Trzy punkty zostają w Szczecinie
Kibice, którzy dzisiaj wybrali się na stadion przy Twardowskiego w końcu mogą być zadowoleni z uzyskanego wyniku. Tym razem jednak mogą mieć pretensje odnośnie gry portowej jedenastki, bo ta była bardzo słaba. Po pierwszych dwudziestu minutach spotkania wydawało się, że Pogoń w końcu nastrzela bramek, stało się jednak inaczej i gospodarze z niecierpliwością czekali na końcowy gwizdek sędziego Marcina Borskiego.
Mecz rozpoczął się dobrze dla Pogoni, choć w piętnastej minucie nastawiony na obronę zespół gości mógł objąć prowadzenie. Świetnie zachował się jednak Radosław Janukiewicz, który stanął na przeszkodzie Piotrowi Malinowskiemu. Portowcy odpowiedzieli minutę później piłkę uderzał Tchami, ostatecznie trafiła ona do Frączczaka a ten pokonał golkipera gości. W 19 minucie Rybansky drugi raz musiał wyciągać futbolówkę z siatki. Maksymilian Rogalski obsłużył Murayamę a ten będąc sam na sam z bramkarzem nie dał mu szans. Po chwili powinno być już 3:0, jednak mając przed sobą pustą bramkę Frączczak nie trafił w piłkę. W 22 minucie na strzał z dystansu decyduje się Malinowski, ale piłka przelatuje nad poprzeczką. W 36 minucie piłka ponownie wpadła do siatki gości za sprawą Robaka, ale arbiter wskazał na pozycję spaloną. Po chwili Robakowi udało się trafić do siatki, niestety do własnej....Ta sytuacja jakby podcięła skrzydła podopiecznym Dariusza Wdowczyka, granatowo - bordowi zaczęli się gubić i grać bardzo niedokładnie.
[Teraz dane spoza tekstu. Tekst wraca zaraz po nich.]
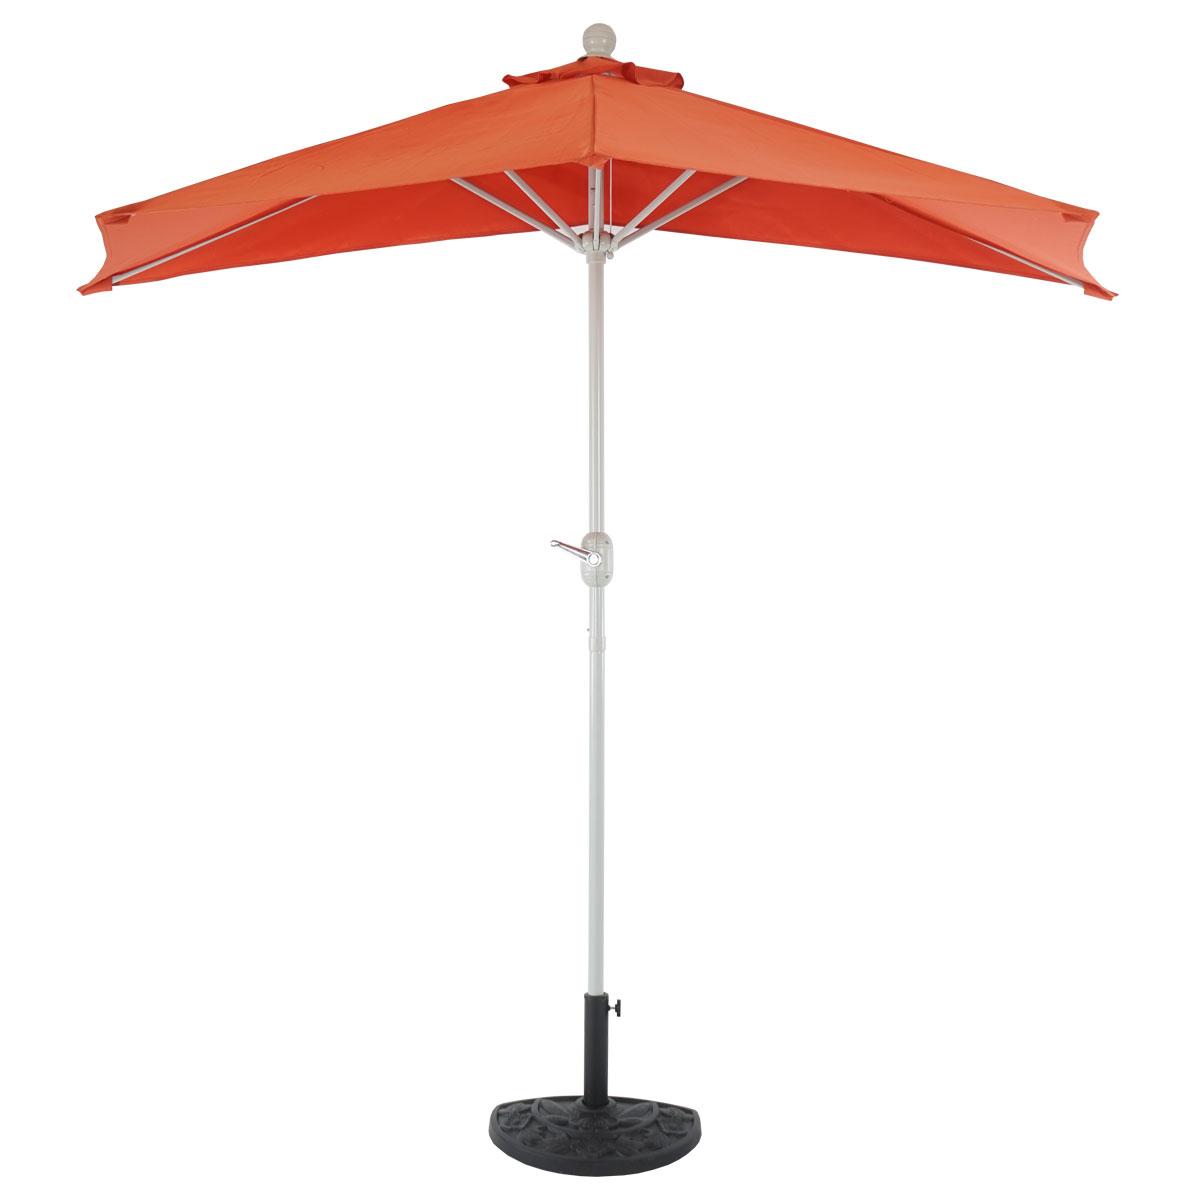 demi parasol aluminium parla pour balcon ip 50 260cm terracotta avec pied ebay. Black Bedroom Furniture Sets. Home Design Ideas

Tuż przed przerwą na tablicy wyników powinien pojawić się remis. Janukiewicz odbił futbolówkę po strzale Malinowskiego, dopadł do niej Frank Adu Kwame i będąc na piątym metrze przed pustą bramką, posłał ją wysoko ponad poprzeczką...
Po zmianie stron nie działo się zbyt wiele. Pogoń próbowała atakować, Podbeskidzie się broniło. Portowcy popełniali bardzo dużo błędów. W 72 minucie Marcin Wodecki w zamieszaniu podbramkowym nie zdołał pokonać Janukiewicza, ale było bardzo gorąco. Dziesięć minut później zaskoczyć Rybanskyego próbował Abdul Mustafa, ale jego strzał został zablokowany. Pięć minut później w dogodnej sytuacji znalazł się Djousse, który otrzymał piłkę od Aki, egzekwującego rzut wolny. Obiegł obronę i strzelił z bliska, jednak na posterunku był bramkarz Podbeskidzia. Z dystansu próbowali jeszcze strzelać Robak i Abdul, ale futbolówka nie znalazła drogi do bramki. Spotkanie zakończyło się długo wyczekiwanym na własnym stadionie zwycięstwem. Portowcy wygrali 2:1 i dało im to awans na drugie miejsce w tabeli.